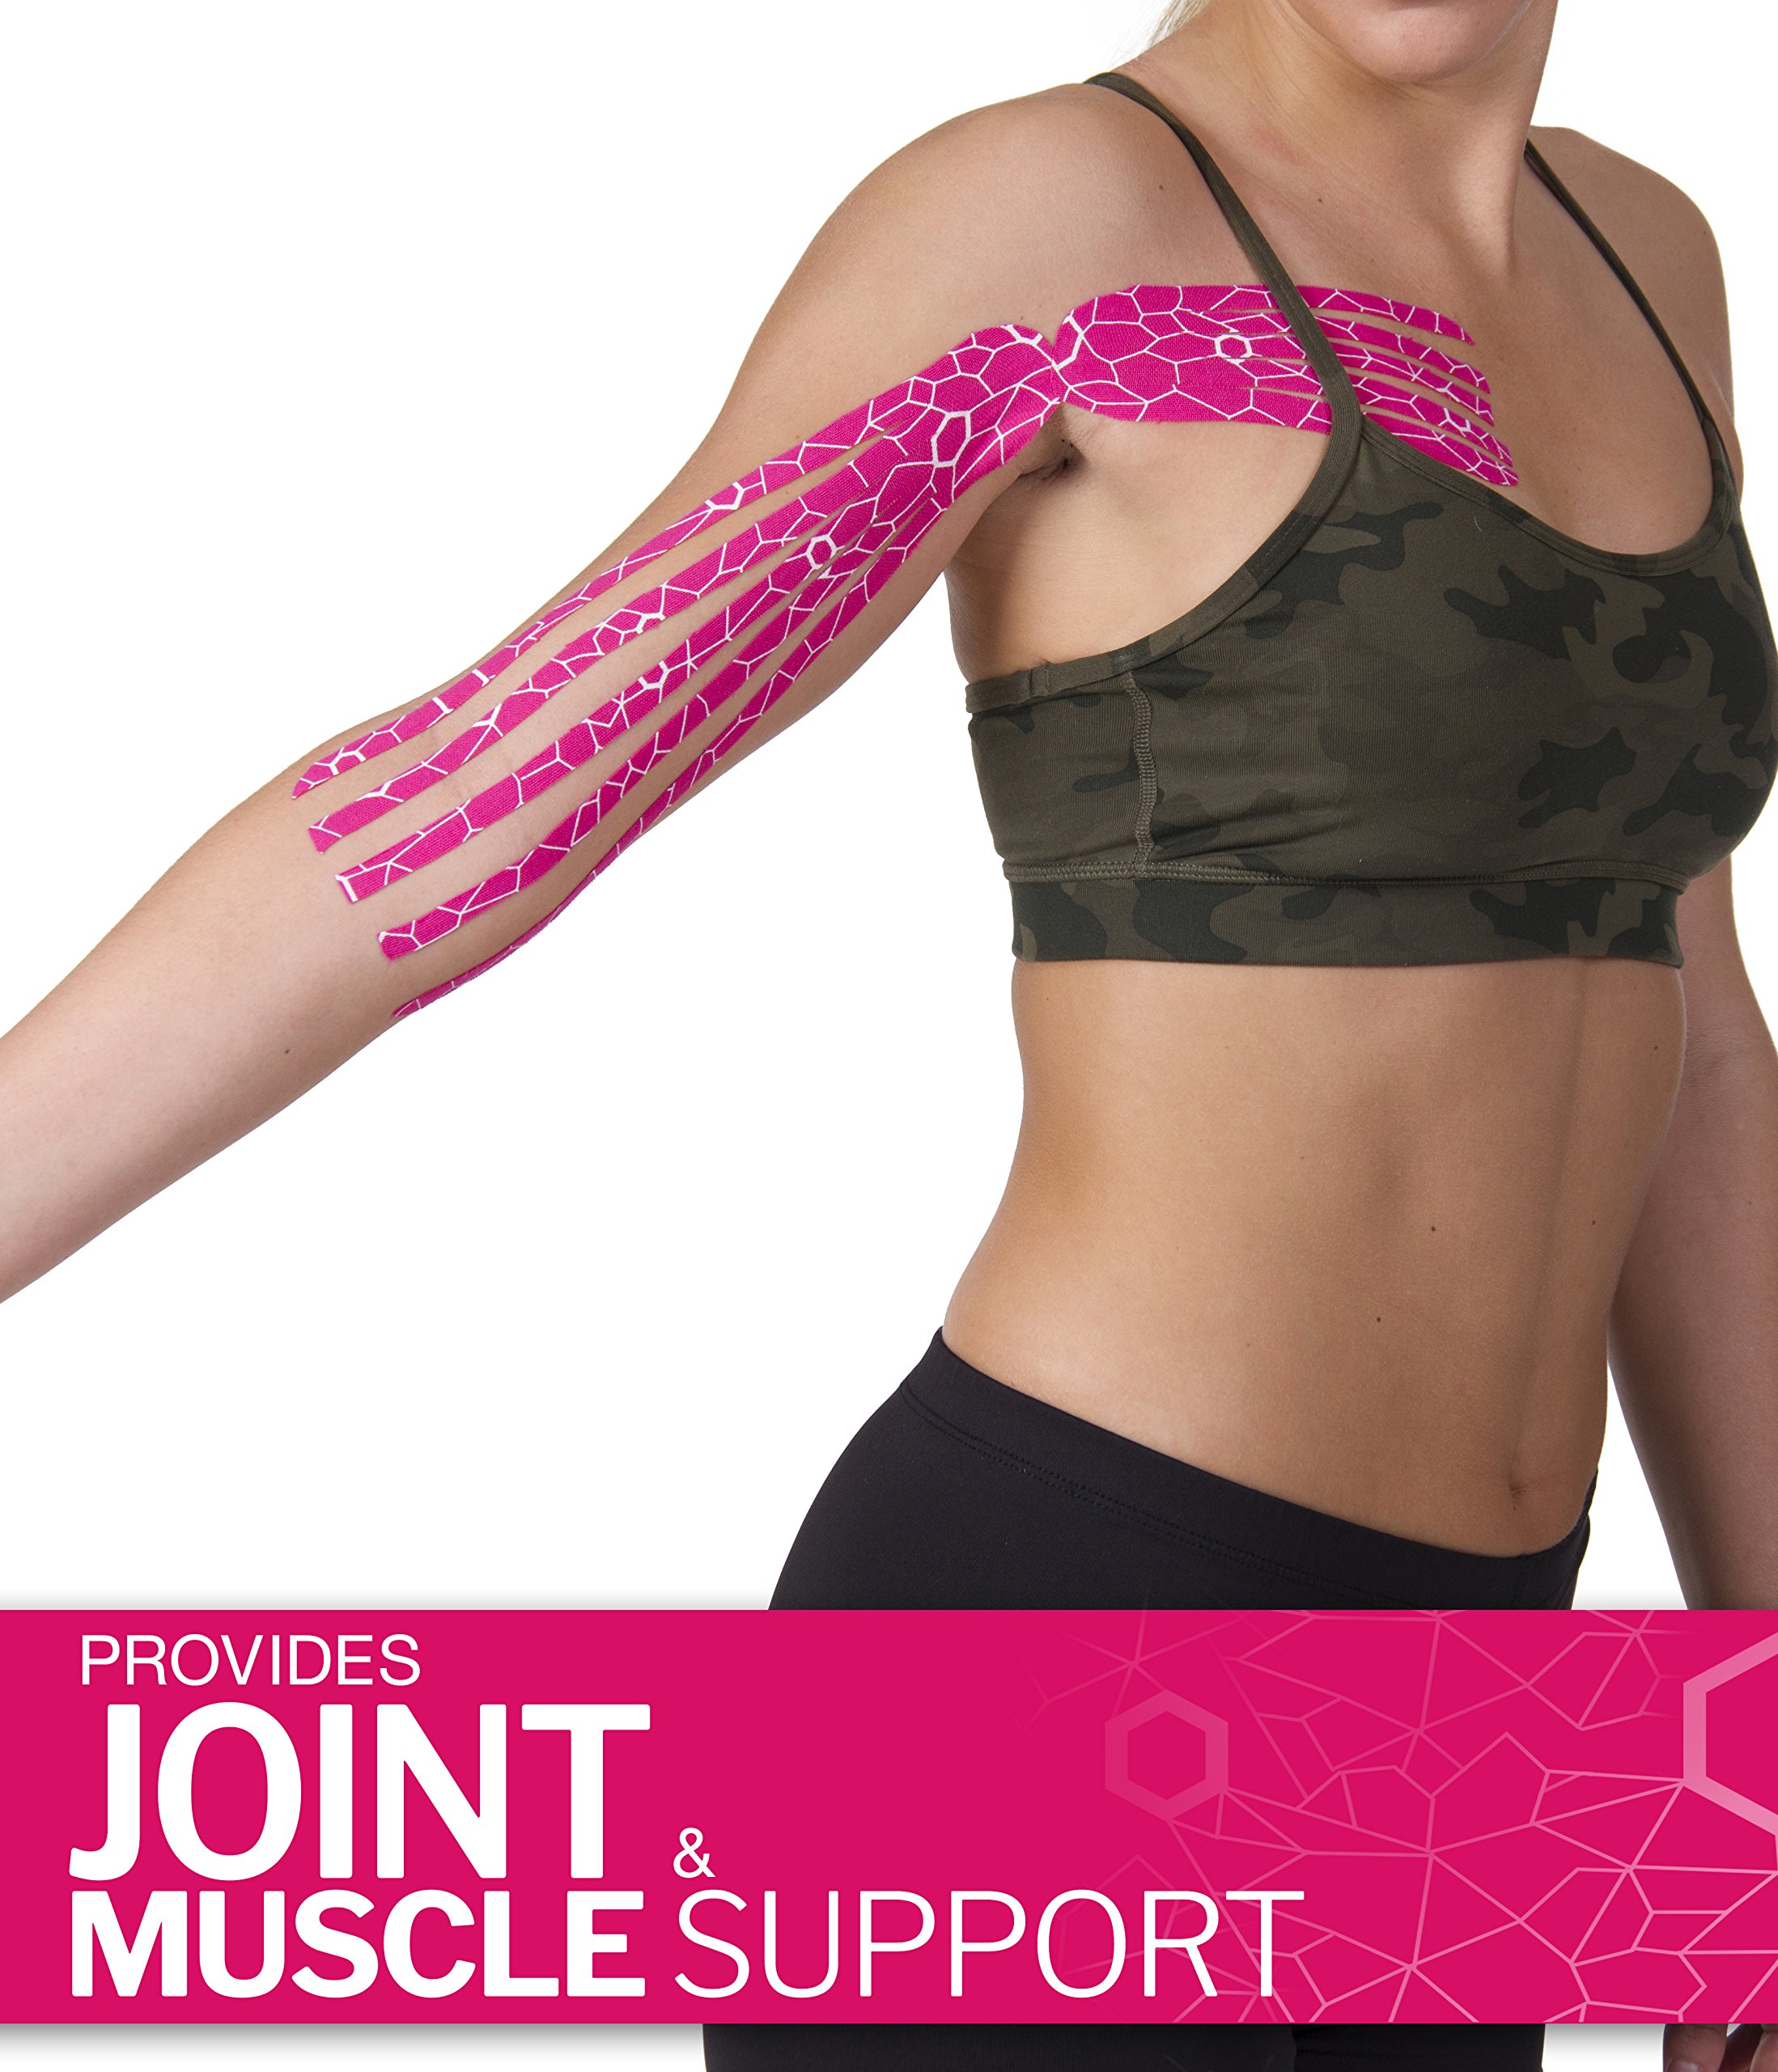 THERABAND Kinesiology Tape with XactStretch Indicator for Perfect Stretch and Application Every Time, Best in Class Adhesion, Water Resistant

...

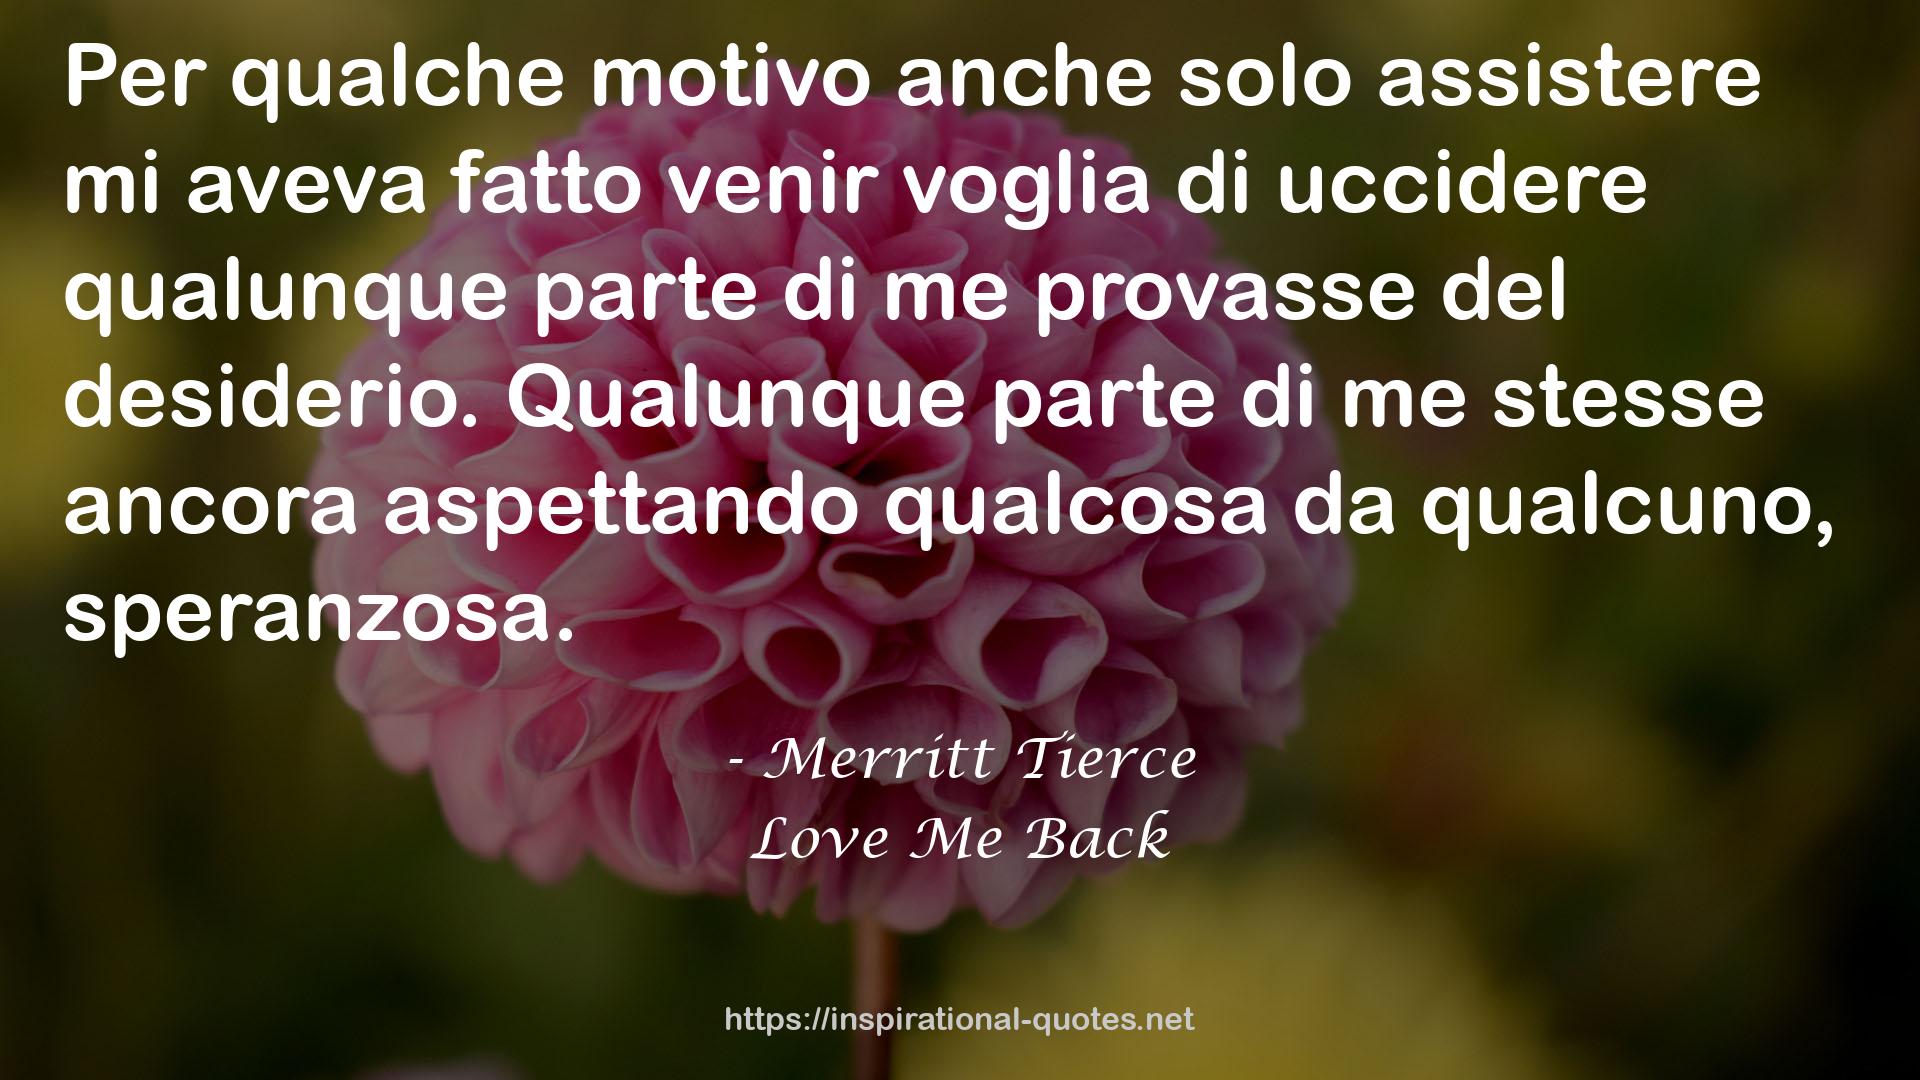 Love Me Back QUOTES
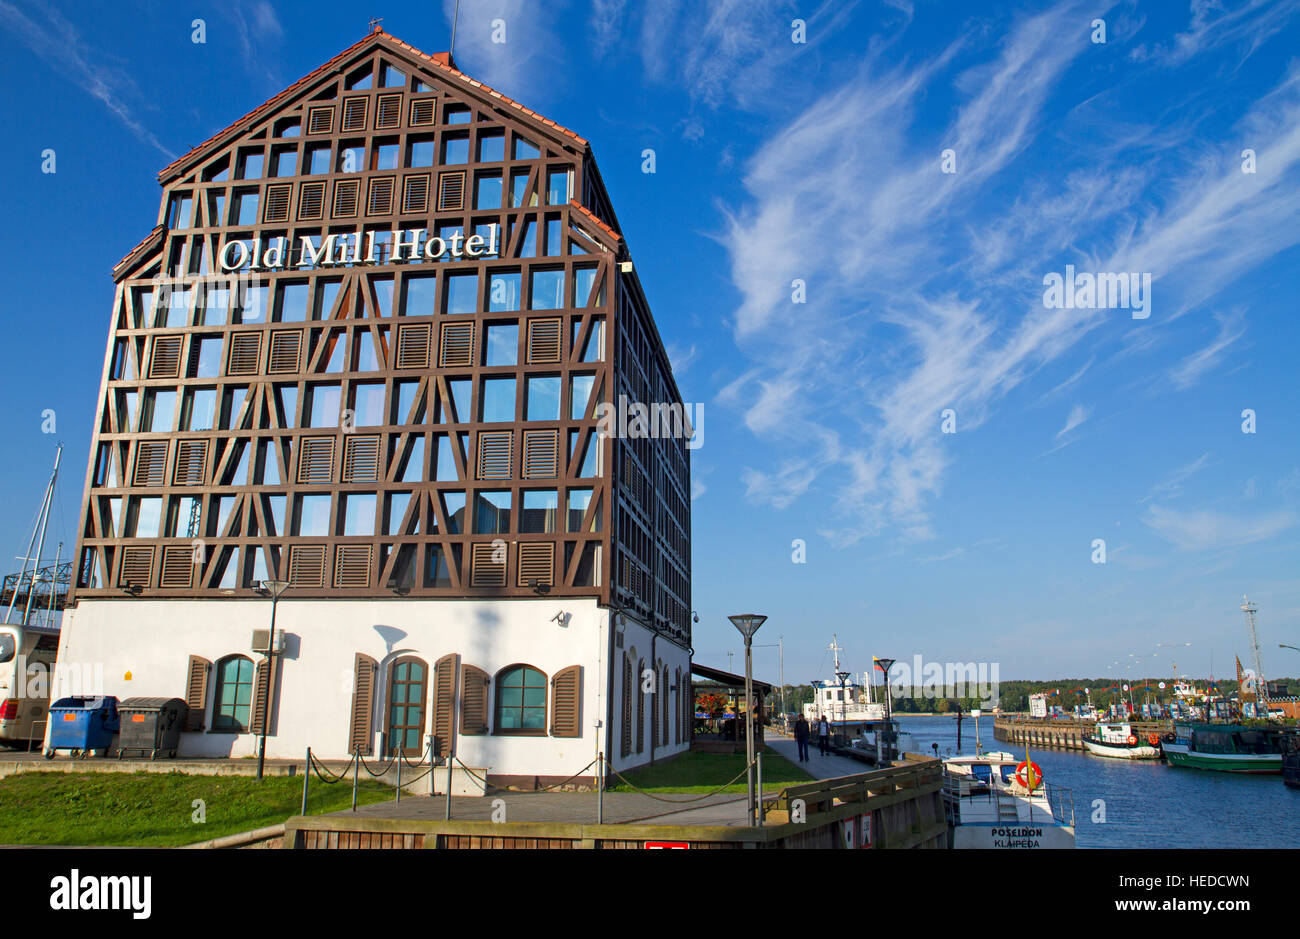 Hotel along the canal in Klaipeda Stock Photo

[Task details]
Restate word for word every line from the one with "Love Me Back QUOTES" up to and including the one with "Hotel along the" in the records above, minus the pictures.

[Expected answer]
 Love Me Back QUOTES
 Hotel along the canal in Klaipeda Stock Photo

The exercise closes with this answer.